Sitting in front of Inferno, a monumental black and white circular canvas with red, yellow, pink and black fibers flowing, Liz explains that she enjoys pushing the limits and doing what’s unexpected with textile mediums. Her goal is to surround viewers in vibrating color fields while exploring boundaries, recreating the wavering existence of the world as a place of stupendous wonder and cosmic energy. Before, she used to dress human bodies but now she considers space her three-dimensional body to dress.
Liz got started in fashion at an early age and went on to earn a degree from the textile program at famed Rhode Island School of Design. Right after graduating, she collaborated with Paper Projects, where Paper Magazine chose promising talent to be shown at the tents during New York Fashion Week. She came out of the RISD gate running to opening her own company in 1999 and working with Patti Wilson, David LaChapelle, Lil Kim, Melanie Ward, while Vogue featured her collection and Barney’s carried it.
Layers of things influenced her shift into art such as the hard line of commerce in fashion, her interest in architecture and her involvement with the live labor installation project, Knitting Nation. All these things made her search for the most free and open avenues of artistic expression. While speaking of her time at Knitting Nation, she says:
“That’s why I said that space became my new body, because the body that I was binding up with cords and having these different experiences with materials and gravity in the three-dimensional human form, had now moved to the walls and three dimensional space… All while still dealing with emotions and energy and relationships, [it was the] same landscape of concerns and fetish and obsession and sexuality that is deeply embedded in my work regardless of end form or context… It was all a very organic process that happened incrementally as things kind of took more space in my brain and influenced what I was inspired by.”

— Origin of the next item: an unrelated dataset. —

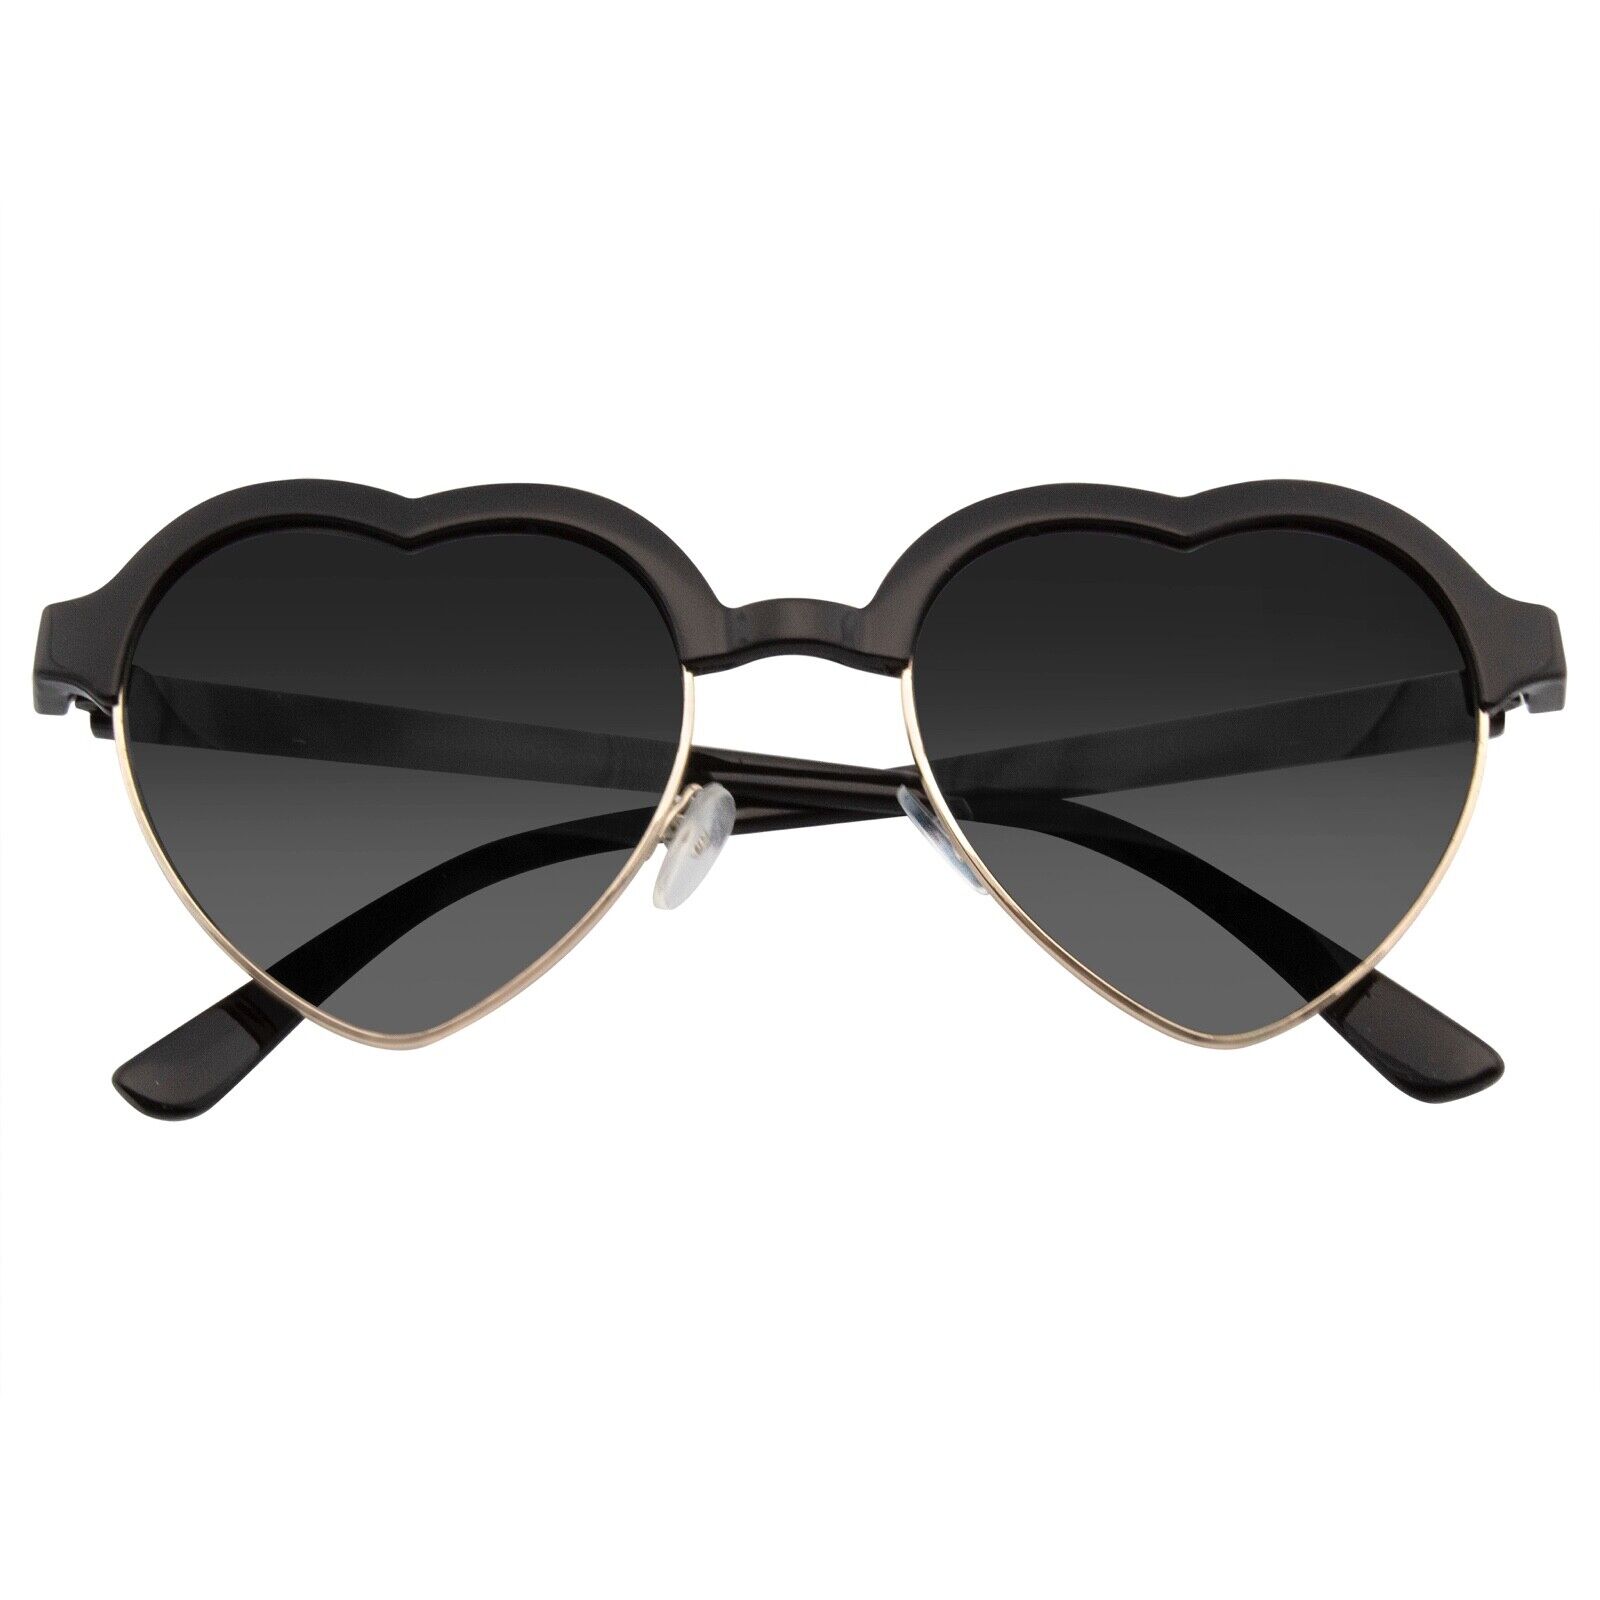 Cute Vintage Half Frame Inspired Heart Shape Sunglasses
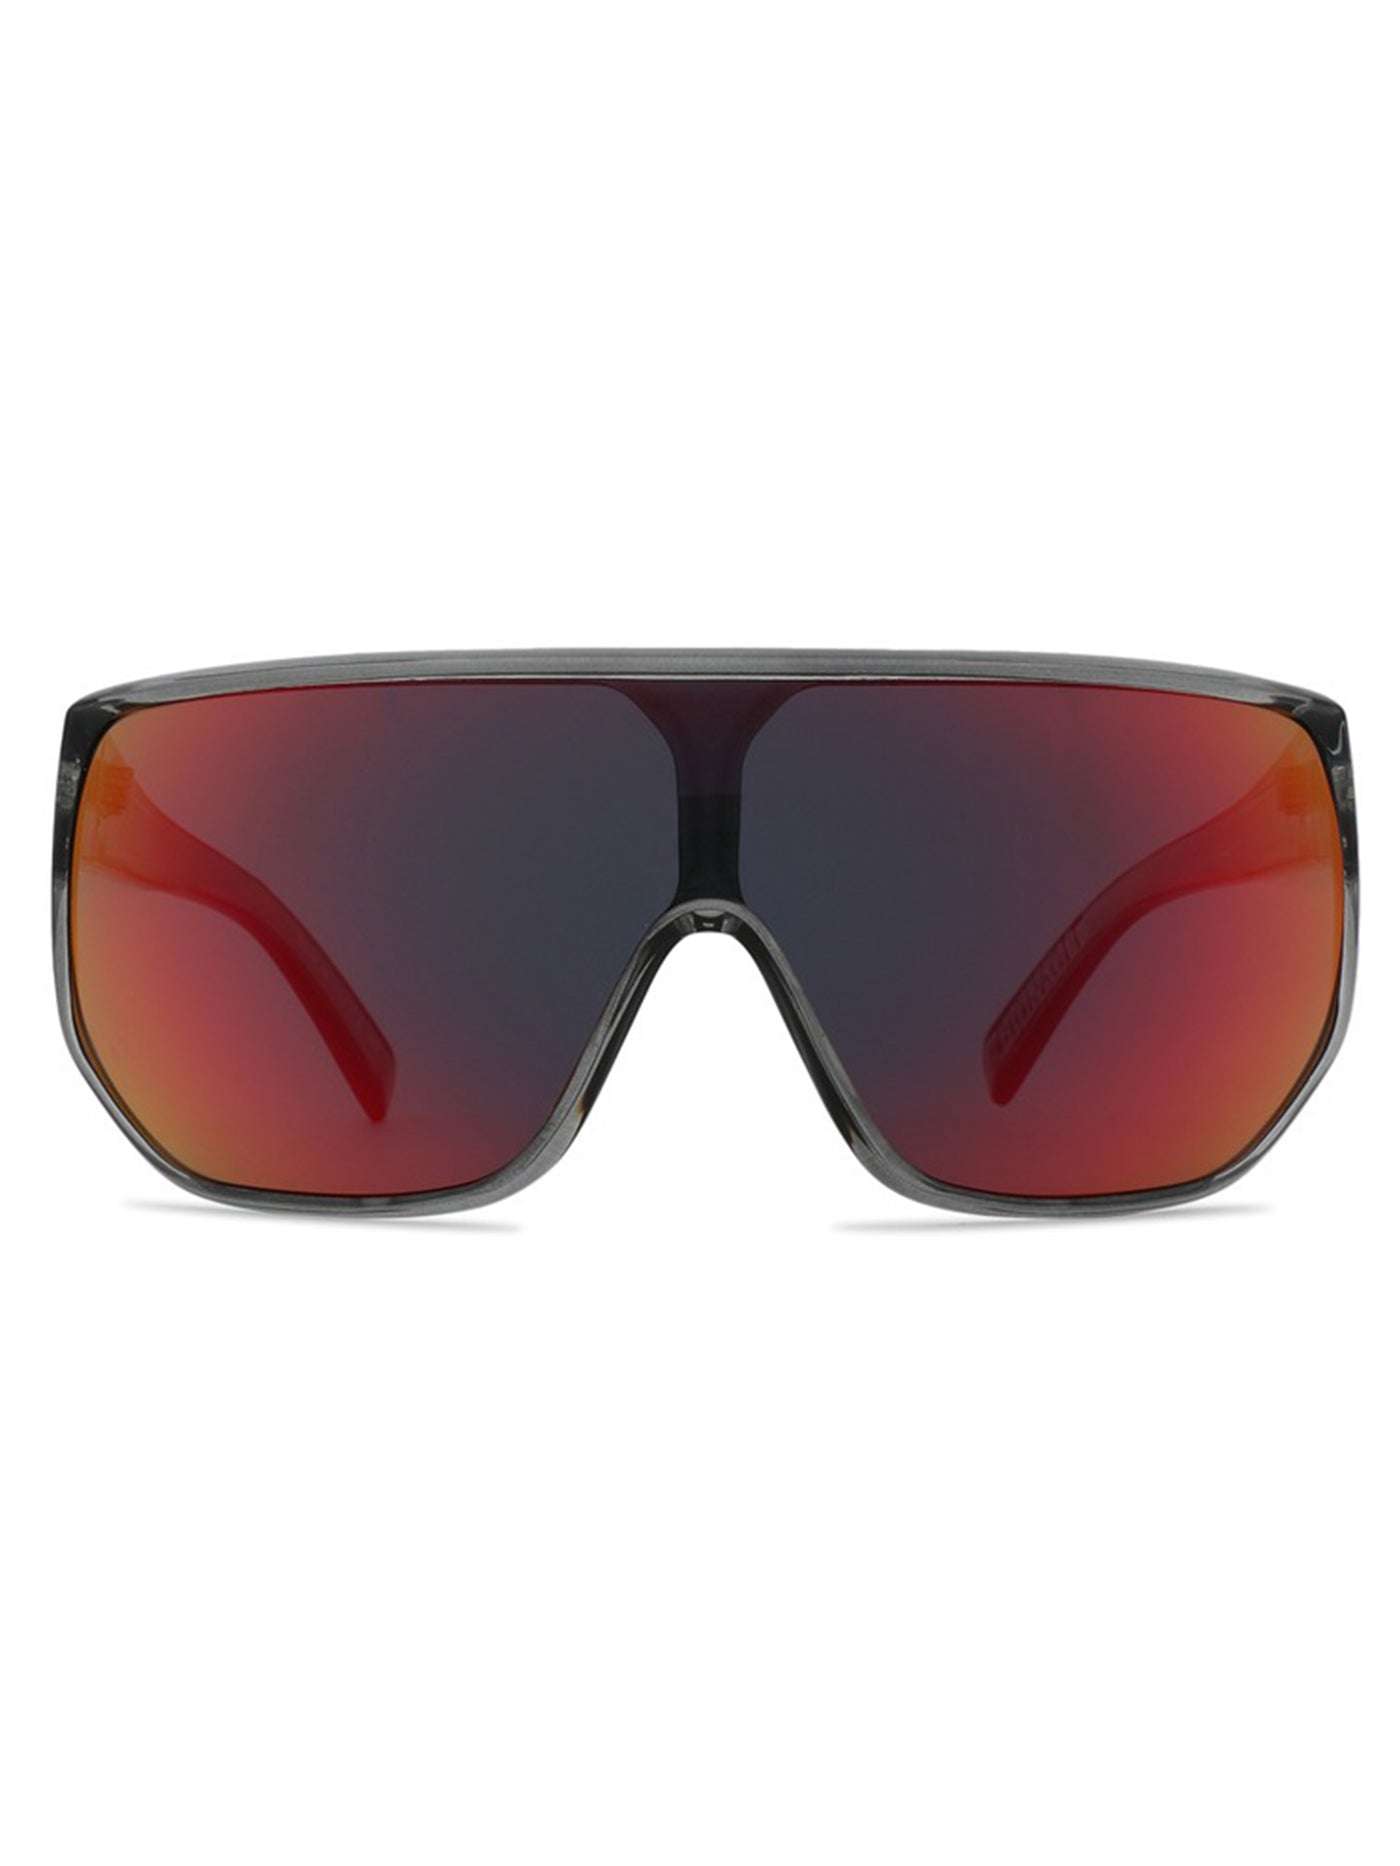 Von Zipper Bionacle Grey Trans Satin/Black Fire Sunglasses

Nowadays she has incredible textile works focused on layers. Liz creates energy and emotion capturing imagery through drawing and painting geometric shapes and pattern landscapes. These canvases are then woven in textile mills in Cuomo, Italy and in Peru, where then she intervenes to manipulate the image and the surface of the piece, creating a whole other layer comes alive within the layers of the weave structure.
She is currently represented by LMAK Gallery at 298 Grand Street in New York and will be having a solo show with them on September 1st, 2018.